[Opening Exercise input section]

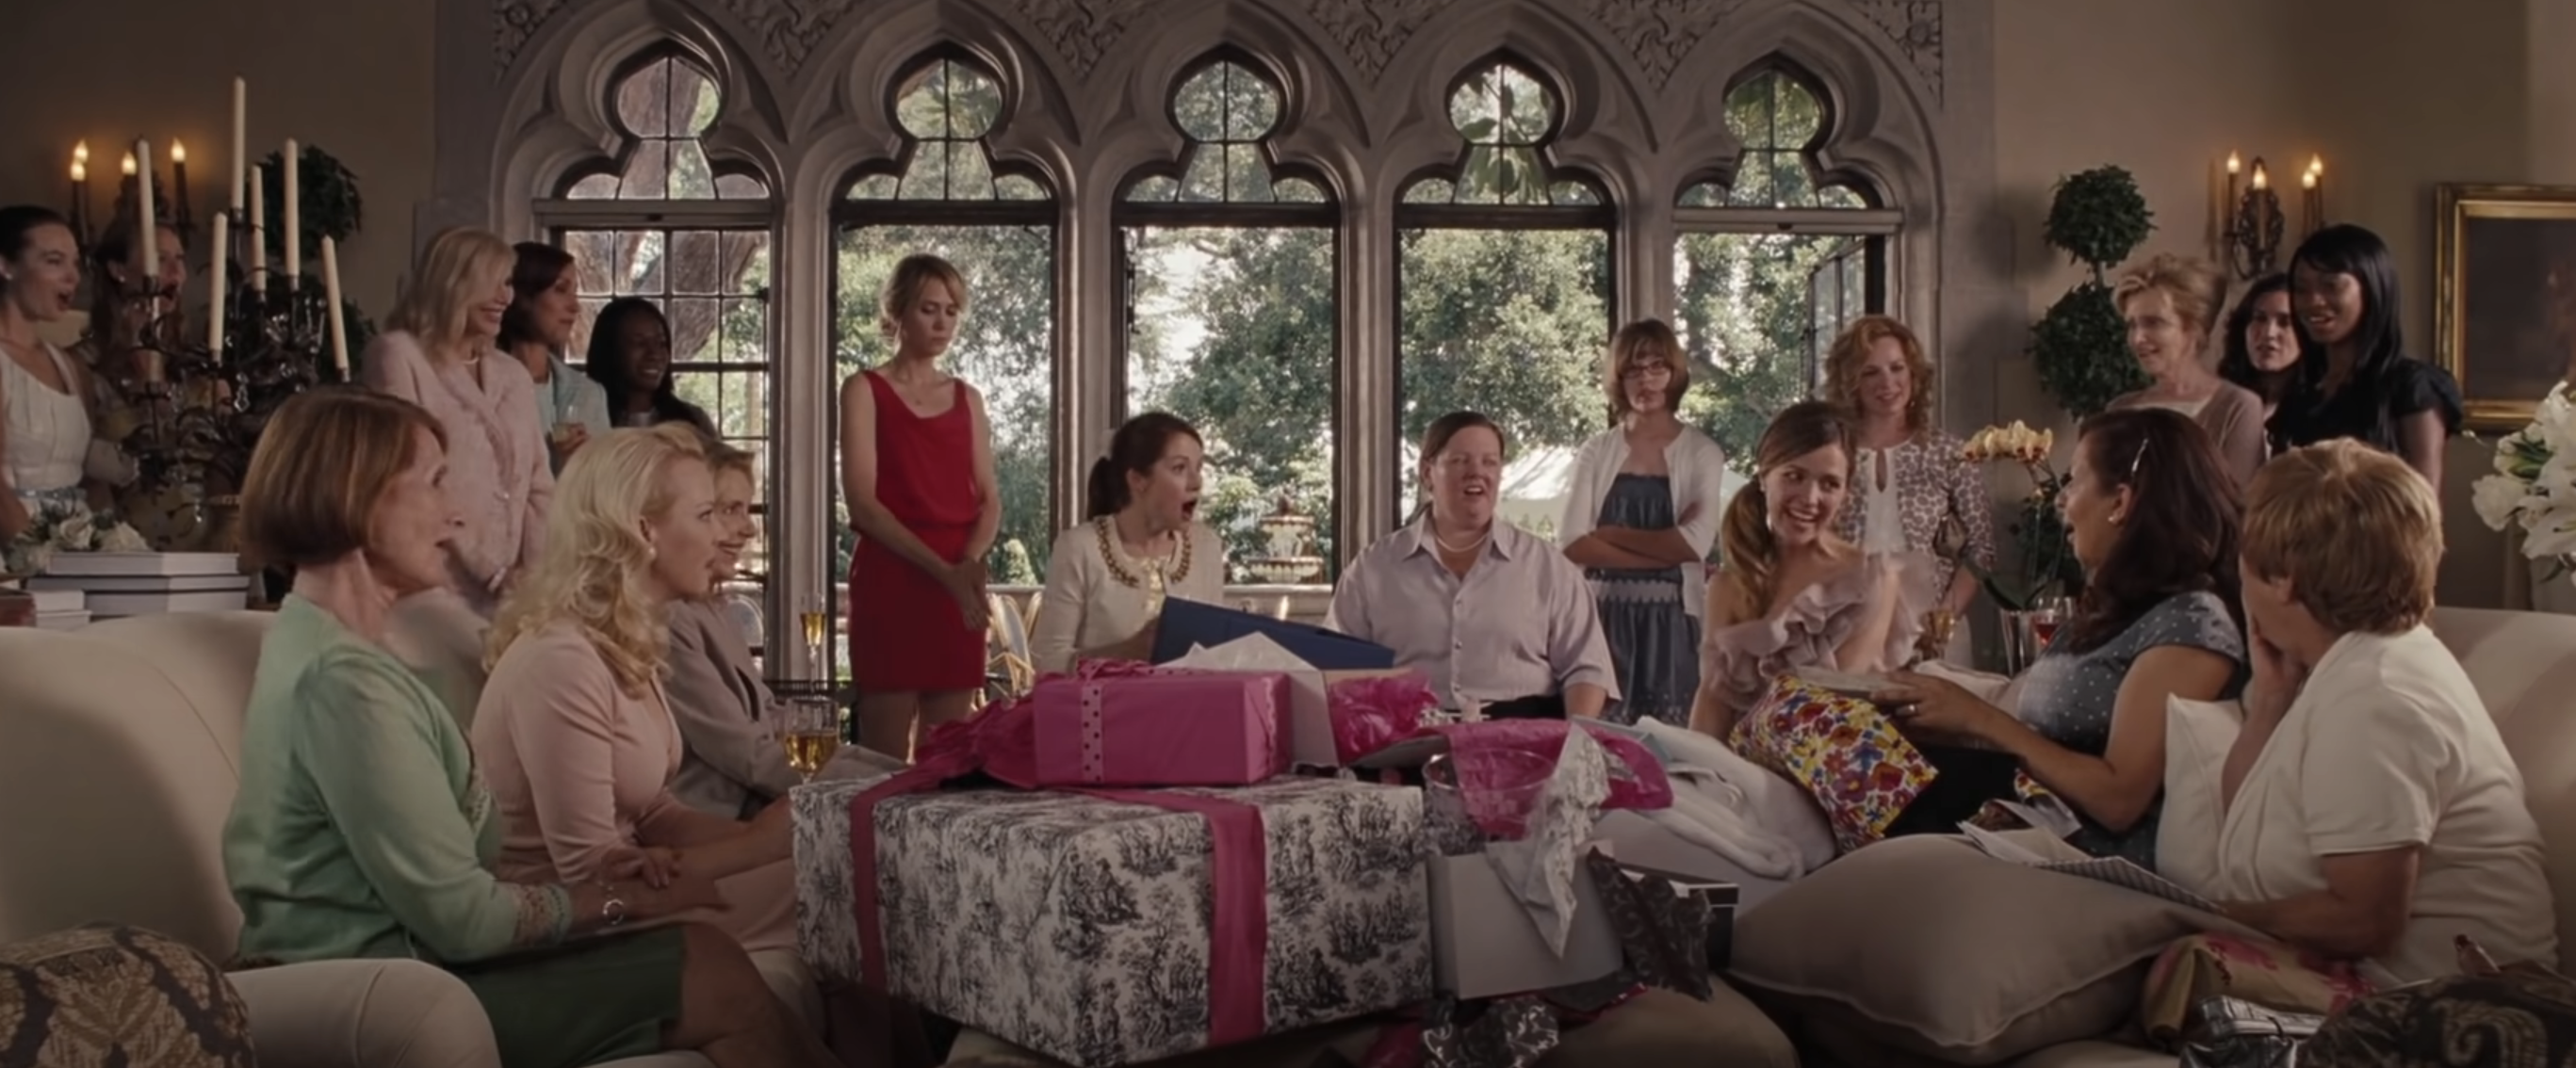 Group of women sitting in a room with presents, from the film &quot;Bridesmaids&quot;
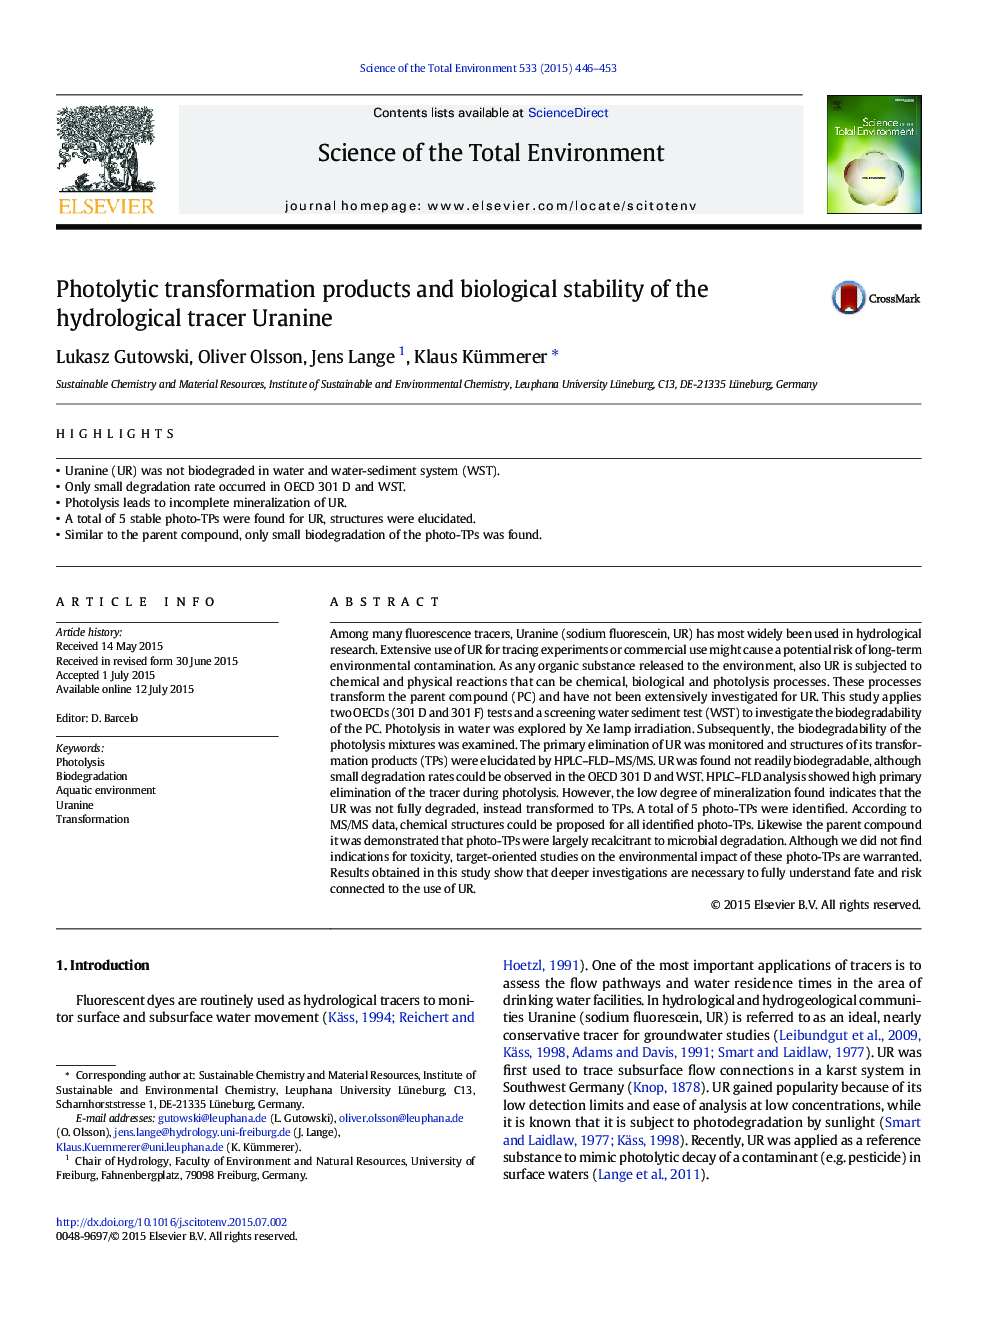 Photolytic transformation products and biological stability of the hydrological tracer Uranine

[Closing Exercise input section]
[Opening Exercise input section]

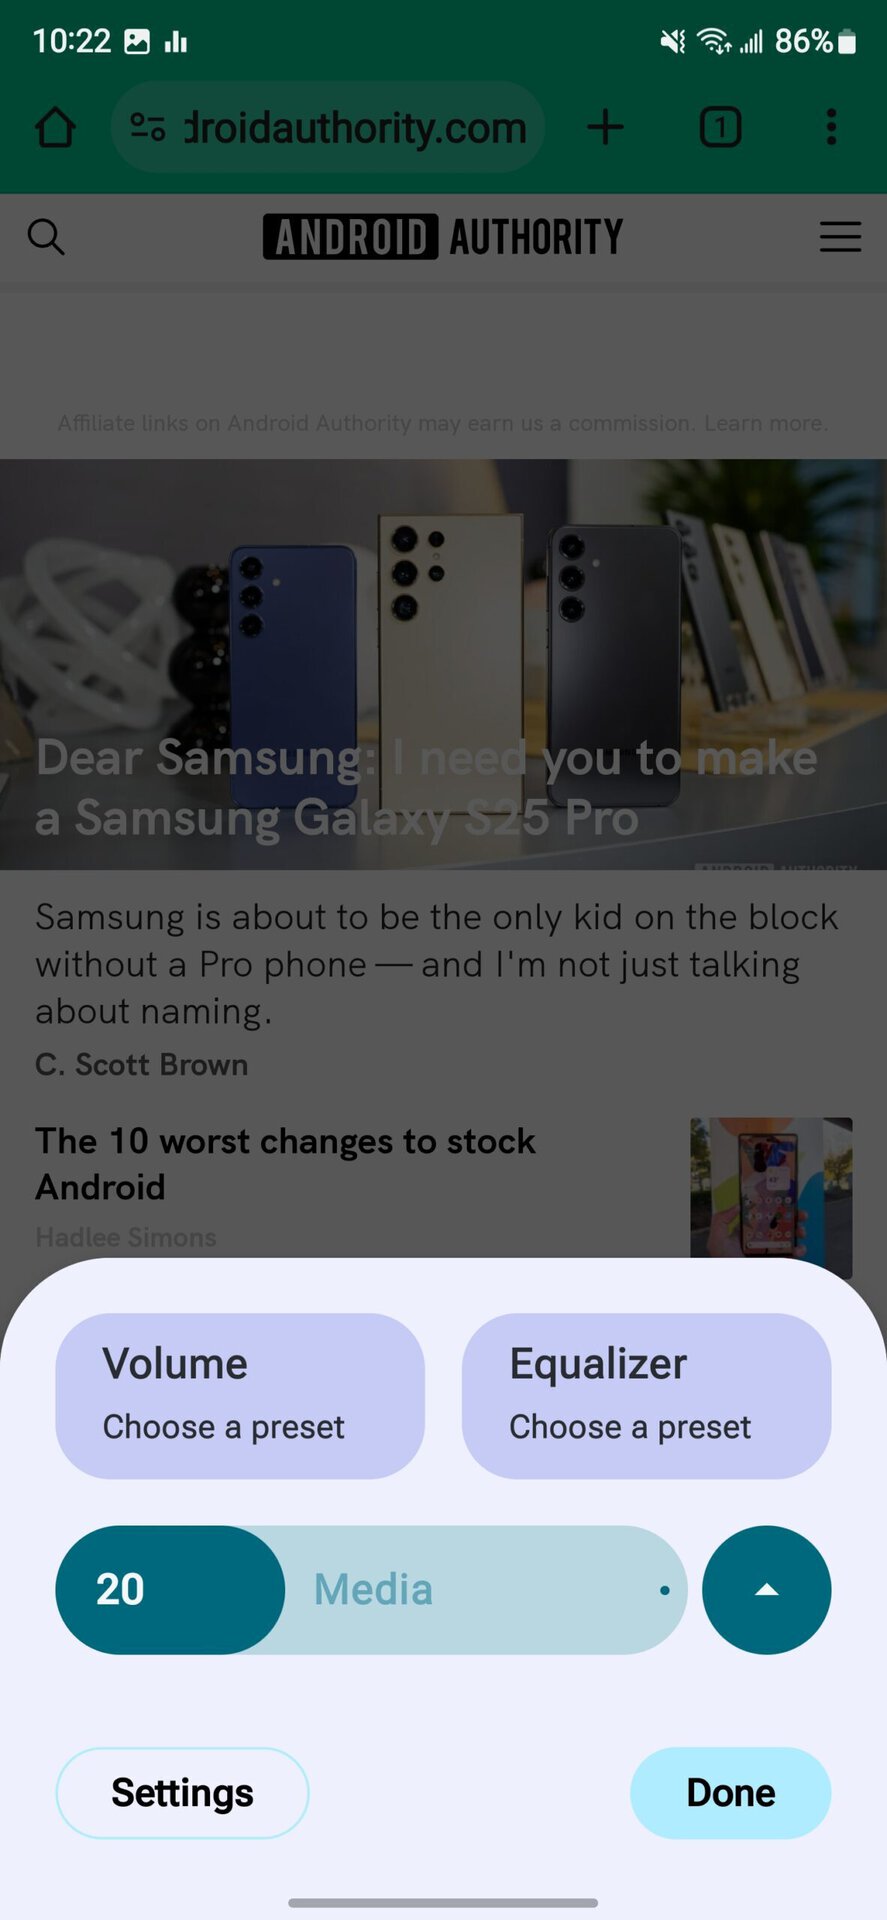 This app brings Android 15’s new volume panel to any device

[Closing Exercise input section]

Exercise description —
Everything above from the line containing "Group of women" down to the line containing "Photolytic transformation products" is to be duplicated exactly, both lines included, and the pictures are to be omitted.

Task answer —
 Group of women sitting in a room with presents, from the film &quot;Bridesmaids&quot;
 Photolytic transformation products and biological stability of the hydrological tracer Uranine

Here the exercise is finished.